Since
the inception of the new Government, there have been a growing positivity amongst
the real estate Indian sector. The
builders are coming up with new projects hoping good returns from the
investments and new developments that has taken place.
Within
a time period of six months or so, the new Government shows new hopes for the
growth of the property market in India. Be it the residential or the commercial
segment, the Government has taken a toll to create new policies that are
two-pronged, providing better access to fund on the one hand as well as prolong
liquidity to the end-users strengthening affordability. These steps are aimed
to offer a balance to this sector of demand and supply in the near future.
Allowing
the foreign direct investments upto 100%, the Indian government has shown a
green signal to
The
Indian developers and encouraged them to come up with real estate projects. This
is applicable to the townships, commercial, housing as well as industrial
developments so as to boost the infrastructural activities in the nation. There
is a provision for reduction in area ranging from 50,000 sq.m. to 20,000 sq.m.
as well as reduction in minimal capitalisation for the FDI investment from $5
million to $10 million. It helps boosting urbanisation, particularly in th tier-2
and tier-3 localities, which are struggling to get bigger projects.
Remarkably,
the government has been encouraging investments from the Person of Indian
Origin (PIO) and Non-Resident Indian (NRI) communities. Developments such as
REITs shall open new channels for both the residential and infrastructural or
commercial sectors. All of these measures lead to rise the confidence of
developers, investors and end users. It is expected to change the way 2015 is
perceived for the sector dealing in property in India. This will definately create
a better an environment for growth for the real estate, supported by a stronger
economy as well as a better consumer or end-user confidence. Some of the
localities that are already experiencing this growth are:
- Chennai
- Pune
- Kolkata
Chennai
Navalur
is also among those regions which give higher rental rental as the workforce
don’t mind paying rent on a bit higher side, as it is close to their
workplace and helps them to maintain a
balance between their professional and personal life. Hence Sholinganallur, Thoraipakkam and Navalur are
worth exploring as good investment options for those buyers who look for
long-term results in terms of rent.
Moreover,
the region is growing infrastructure development and employment opportunities
are another reason for the rise in property value terms of resale as well as
for renting purposes.
Pune
When
it comes to luxury projects in Pune, they are defined to have units which
measure more than 3500 sq. ft. and are in addresses that signify prestige and
status. The prices per square feet of such properties are more than Rs 12,000.

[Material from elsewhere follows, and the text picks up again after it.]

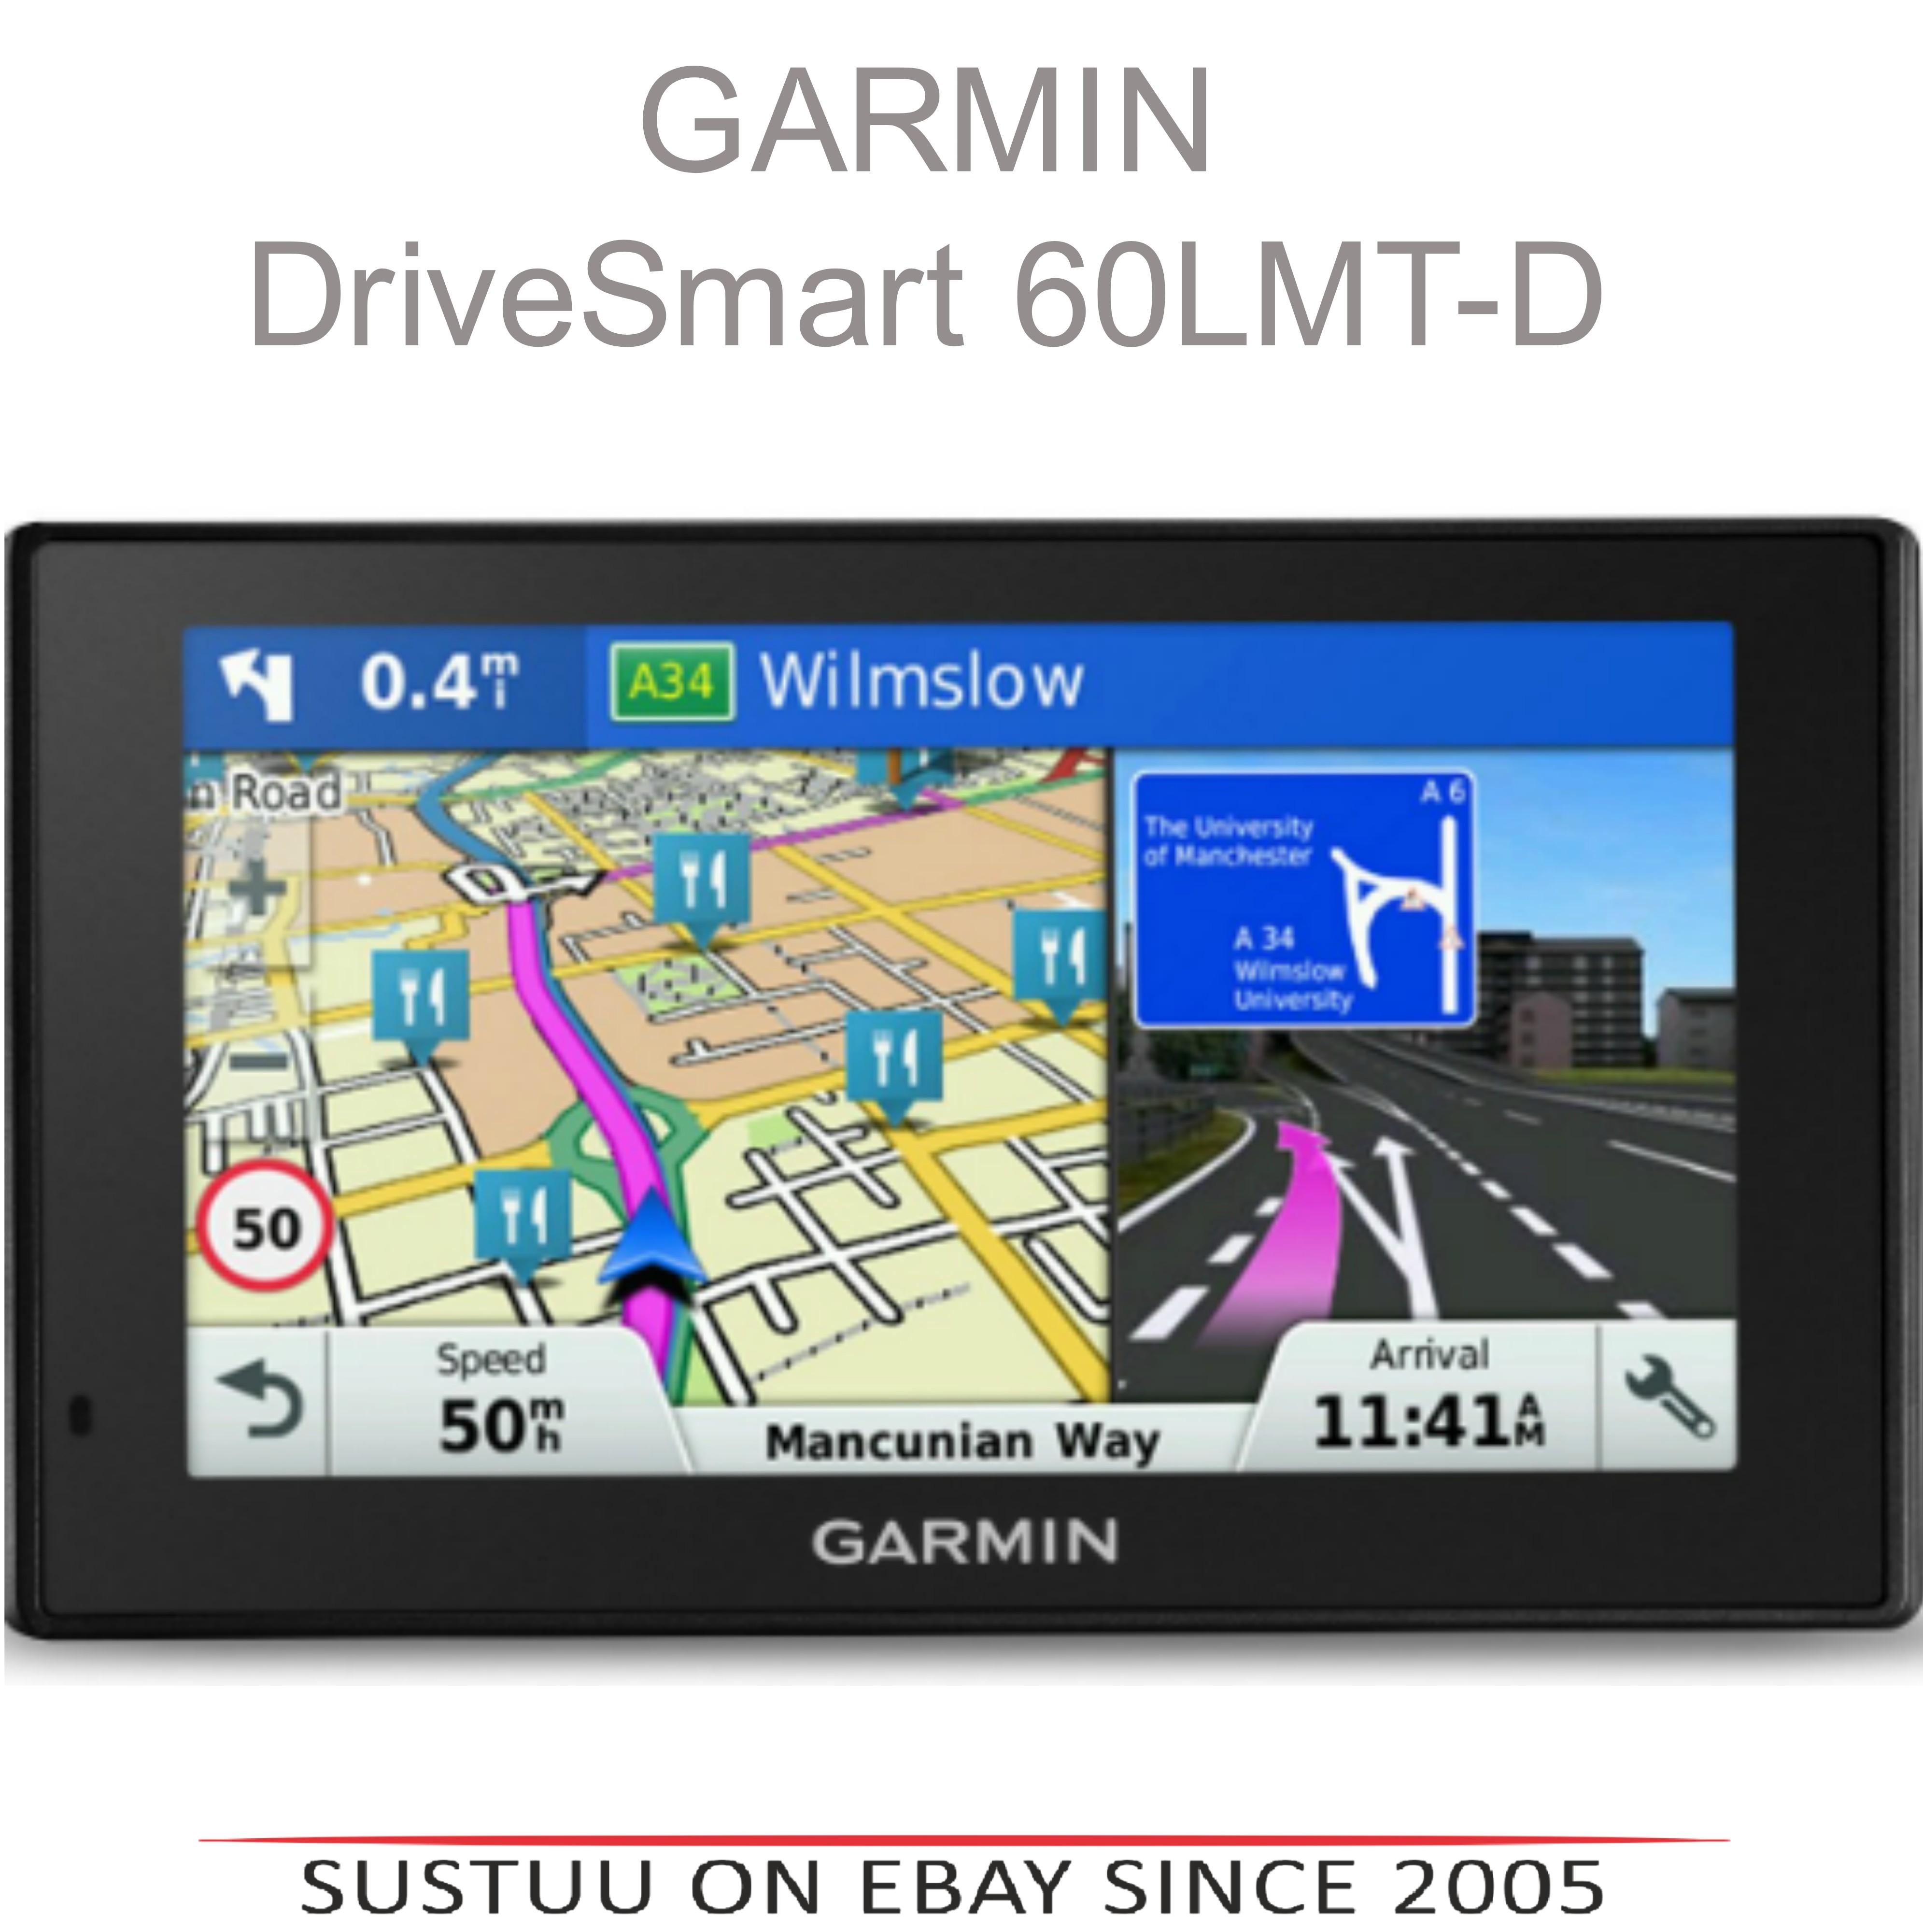 "Garmin DriveSmart 60LMT-D|6"" GPS SatNav|Bluetooth|Lifetime UK-Europe Map+Traffic"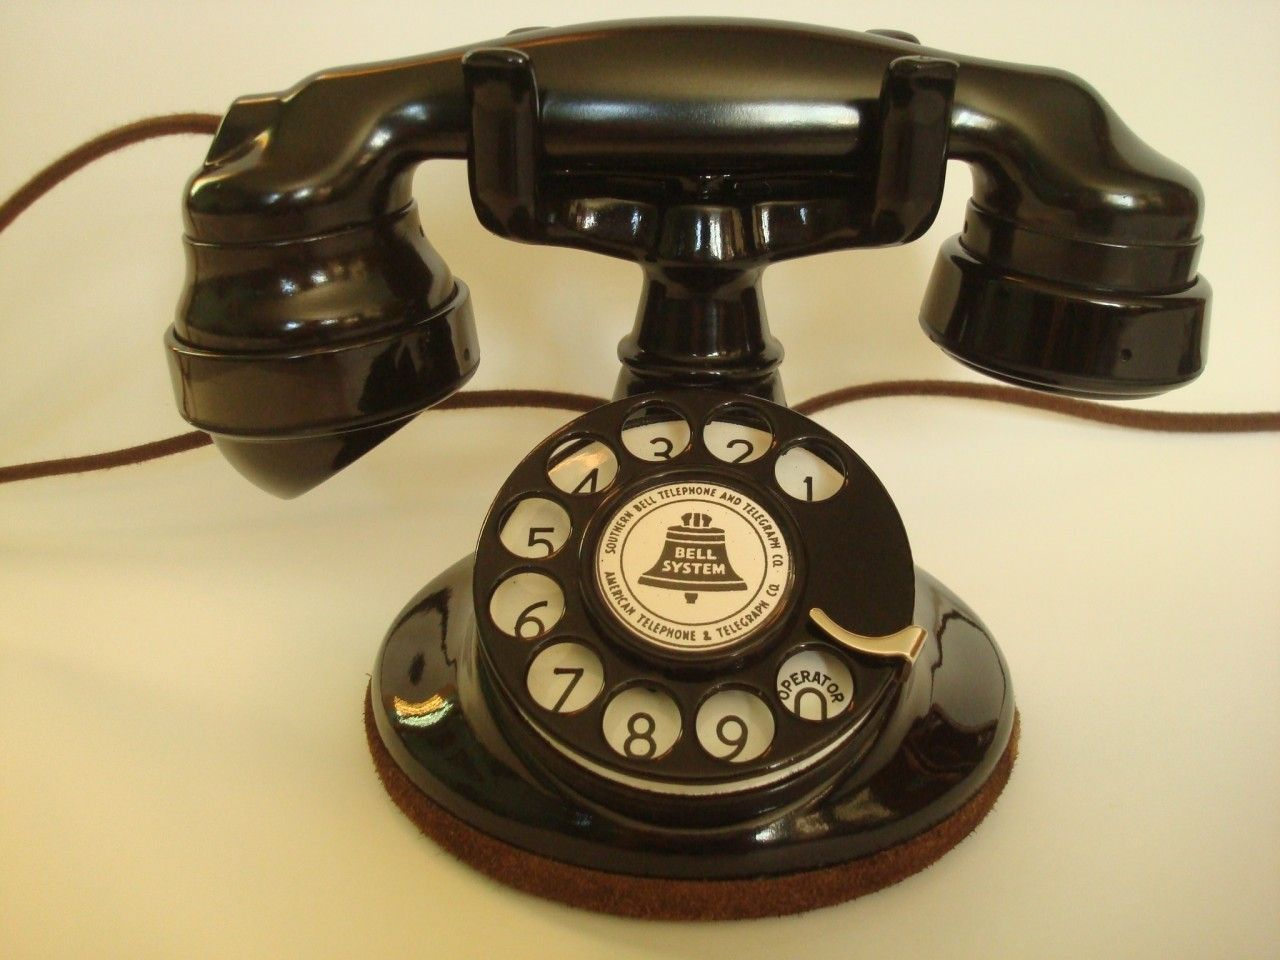 vintage telephones western electric 102 telephone antique telephone [ 1280 x 960 Pixel ]

The top three localities in Pune that are buzzing with the residential projects
are: Koregaon Park, Kalyani Nagar and Baner. The large numbers of ITeS-BPO and
IT companies have completely changed the shape of the property market of the
area. High quality residential property options have come up in the city all
over.
Kolkata
The
top four suburbs on which home builders such as Godrej and Unitech are
concentrating on are:
- Rajarhat-New Town
- BT Road
- Tollygunge
- VIP Road
Numerous
schools, hospitals and shopping zones are in the vicinity of the area. There
are various options for those who are looking to invest in property in India.